四年前,初次踏入留蘭這個城市,我滿懷憧憬和期待。只是沒想到四年後,我會帶著治癒遺憾和不甘的心再次回到這裡。而上一次與它的分別,只發生在十幾日前。
車內依舊迴圈播放著那一首歌,好似瑰萊真的百聽不厭,絲毫沒有換歌的打算。而我的心思早已飄到了此行的目的地,木然地看著車窗外驚鴻一現的亮點劃過黑色瀰漫的夜景,哪怕旋律環耳動聽,我卻是置若罔聞。
沉靜的氛圍下,我們都好似失去了繼續交流下去的興致。無數回憶的碎片縈繞在我的腦海中,揮之不去。或許瑰萊說的沒錯,倘若真的需要徹底放下,回到留蘭去直面它,便是最好的辦法。

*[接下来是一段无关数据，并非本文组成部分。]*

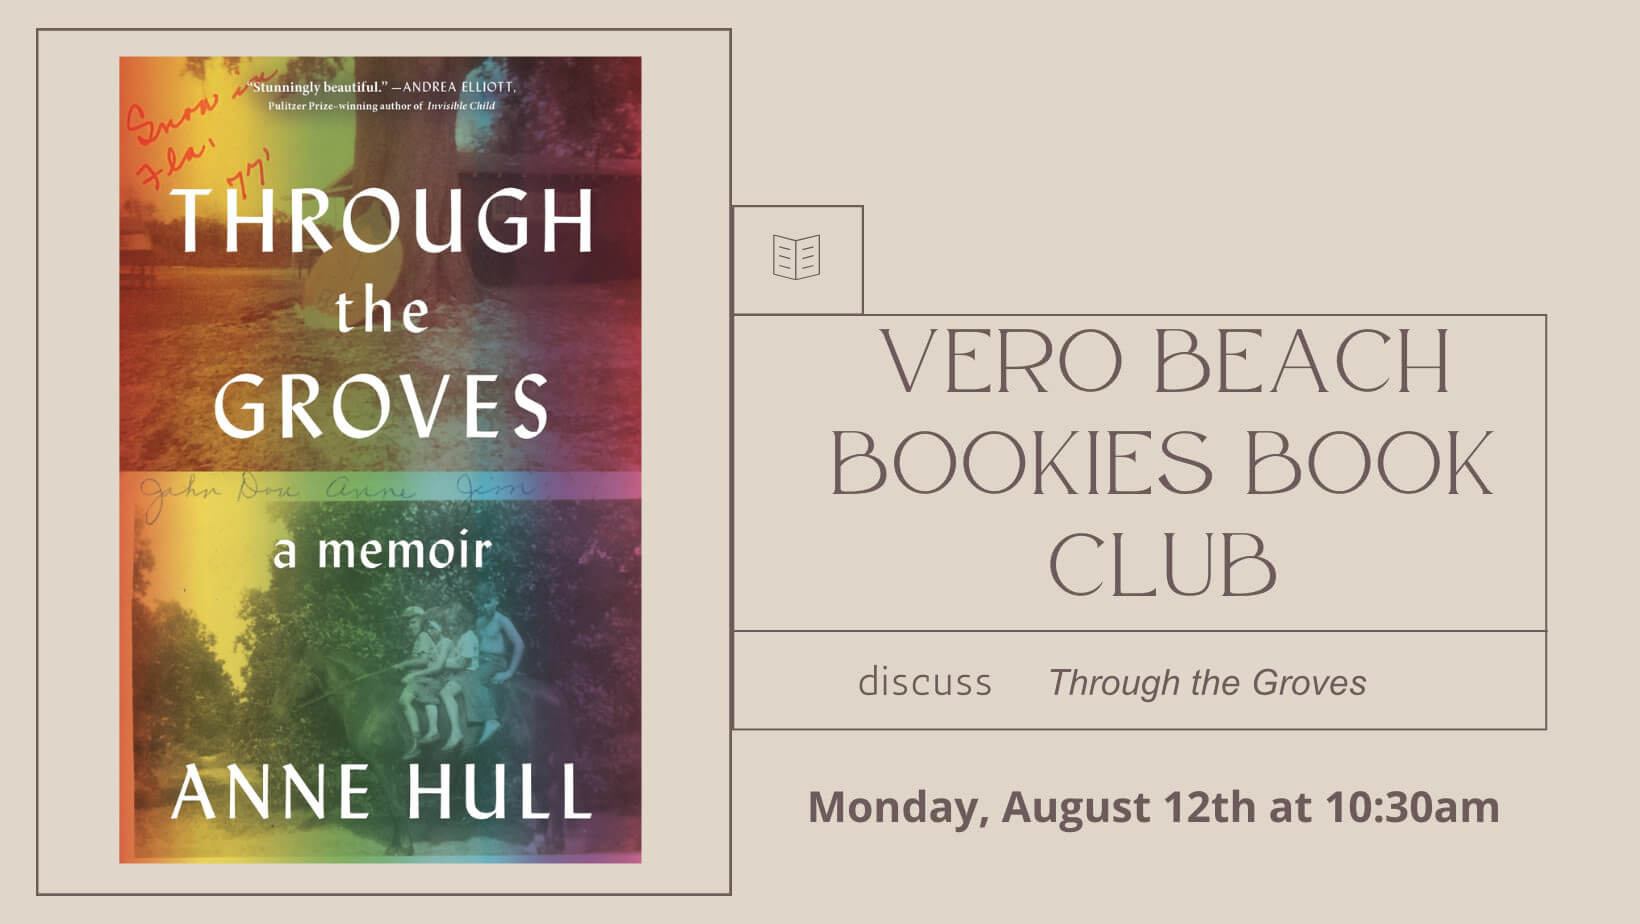 Vero Beach book club discusses Through the Grove

與她的重逢,在預料之中,卻也在預料之外。五年的感情最終在一張檯球桌上徹底畫上了句號,這好似一個笑話,而笑話中的主角,一個不折不扣的理想主義者,竟期待著她會為這一段感情而懷有一絲愧疚。或許其中對錯並不重要,結局已經註定,對錯便也就失去了意義。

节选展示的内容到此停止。